沈露织的公寓不大,一室一厅的格局,但被她收拾得干净整洁,空气里还有一股淡淡的栀子花香。
“您先坐。”她把孟宴臣引到沙发上,然后快步走进厨房。
很快,她端着一杯热水和一条干净的毛巾走了出来。
“孟总,喝点热水暖一下身子,然后擦擦头发吧。”她将东西放在他面前的茶几上。
孟宴臣“嗯”了一声,拿起毛巾,有些生疏地擦拭着还在滴水的发梢。
沈露织站在一旁,没有离开。
刚才在楼下虽然有伞,但雨太大,她的衣服还是湿了不少。尤其是那件白色的丝质衬衫,此刻紧紧地贴在身上,勾勒出曼妙的曲线,甚至连内里黑色的轮廓都若隐若现。

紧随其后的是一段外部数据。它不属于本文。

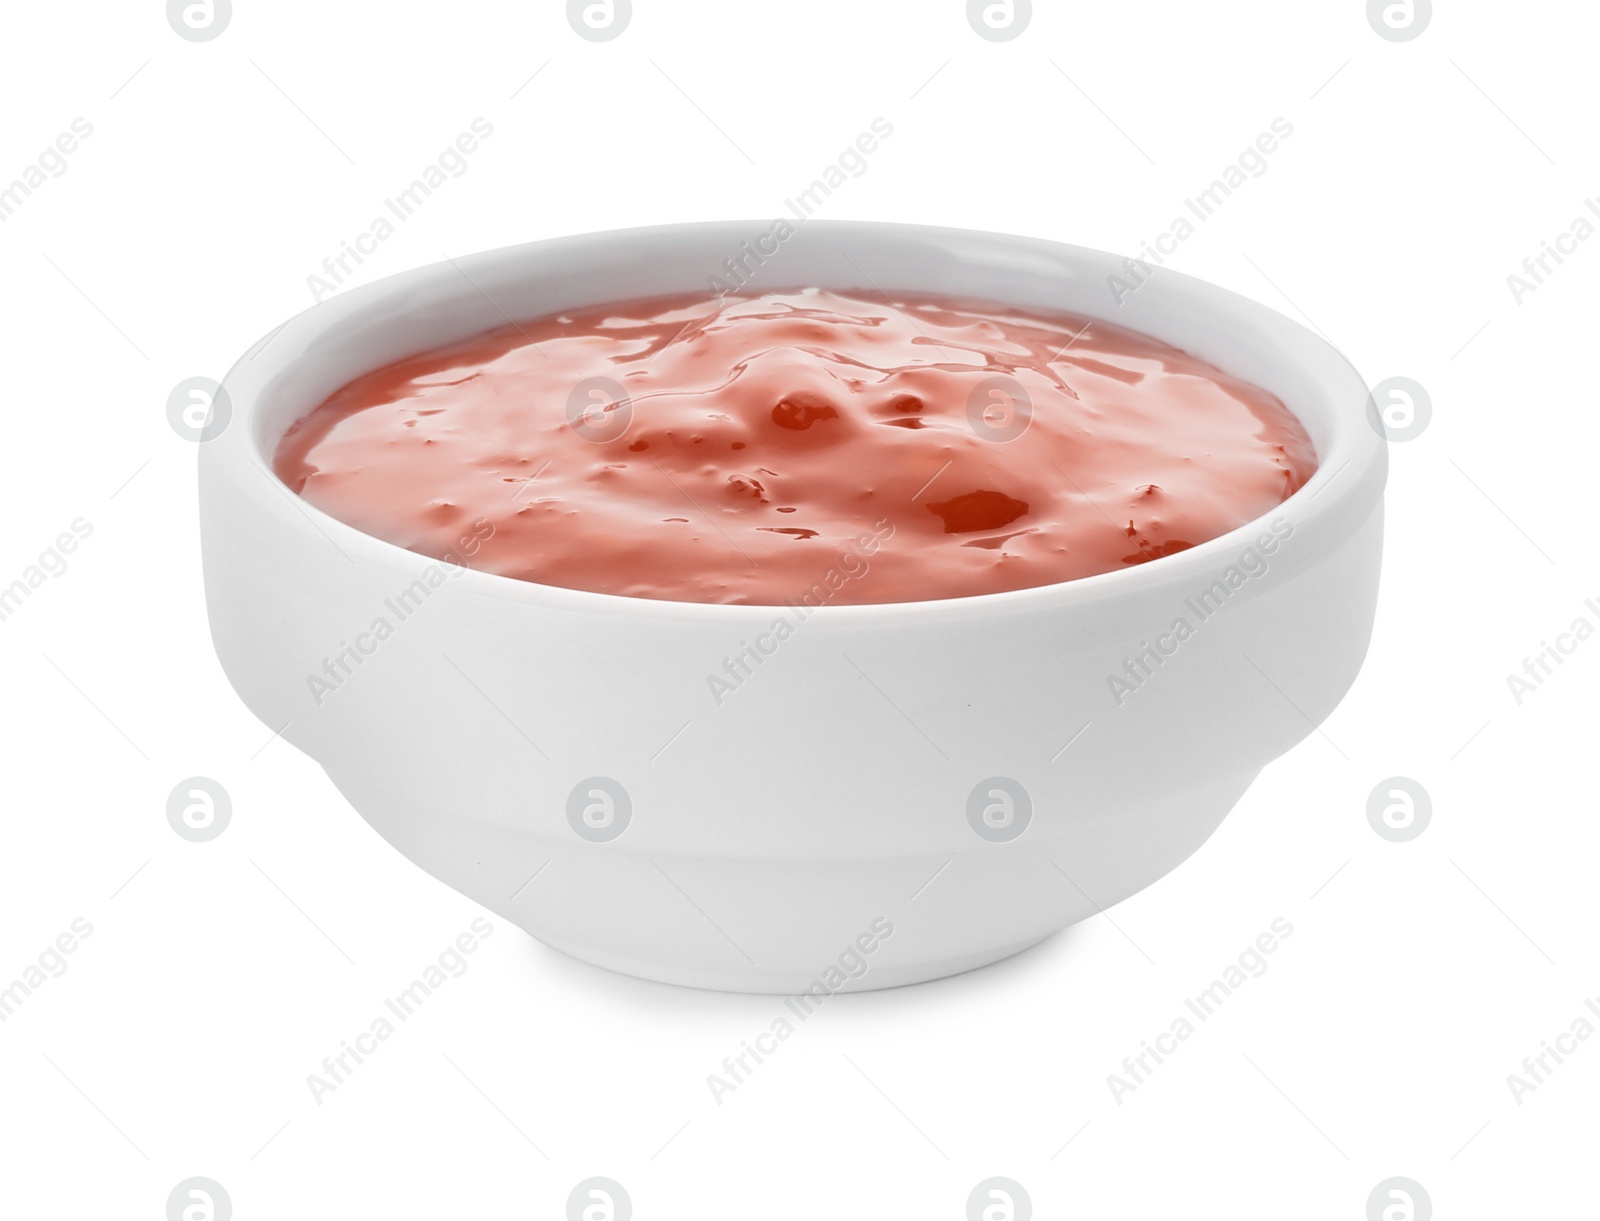 Photo of Tasty chili sauce in bowl isolated on white

孟宴臣擦头发的动作顿住,抬眼时,视线正好落在她身上。
空气仿佛凝固了。
他的目光在她身上停留了一瞬,随即像是被什么烫到一样,迅速移开,落向别处,下颌线绷得死紧。
“我去换件衣服。”沈露织像是感觉到了冷,抱着手臂,轻声说了一句,然后转身走进了卧室旁边的浴室。
客厅里只剩下孟宴臣一个人。
他放下毛巾,端起那杯热水喝了一口,温热的液体顺着喉管滑下,却没能驱散那股从心底升起的燥热。
就在这时……
“砰!”
浴室里传来一声重物落地的闷响,紧接着是沈露织一声短促又压抑的惊呼。
“啊!”
孟宴臣的身体瞬间坐直。
他皱着眉,冲浴室的方向喊了一声:“沈露织?”
里面没有回应。
他站起身,快步走到浴室门口,敲了敲门。
“沈露织?你怎么了?”
里面依旧是一片死寂。
孟宴臣心头一沉,不再犹豫,直接转动门把手,一把推开了浴室的门。
浴室门内的景象,让空气里的水汽都变得滞重。
孟宴臣站在门口,没有再往前一步。
他看着摔在地上的沈露织,她半边身子靠着浴缸,湿透的衬衫被解开了扣子,凌乱地挂在肩头,露出黑色的肩带和下面大片的皮肤。
她的眼睛里全是慌乱,像是受惊的小鹿。
“我……我脚滑了一下。”沈露织的声音带着哭腔,一只手下意识地想拉拢衣服,却因为姿势不对,反而让领口敞得更开。
孟宴臣的视线只在她身上停了半秒,便移开了。
他没有进去扶她,只是退后一步,将浴室的门带上,隔绝了那片旖旎的春光。
“自己处理。”
门外传来他克制又冷硬的声音。
随后便是客厅里走动的脚步声,最后,公寓的门被打开,又重重地关上。
他走了。
浴室里,沈露织脸上的惊慌和无措慢慢退去。她撑着浴缸边缘,自己站了起来,动作利落,一点也不像刚才那个脚滑摔倒的人。
她走到镜子前,看着自己这副狼狈又诱人的模样,轻轻啧了一声。
玩得好像有点过火了。
不过,刚才脑海里响起的提示音,让她觉得这一下摔得不亏。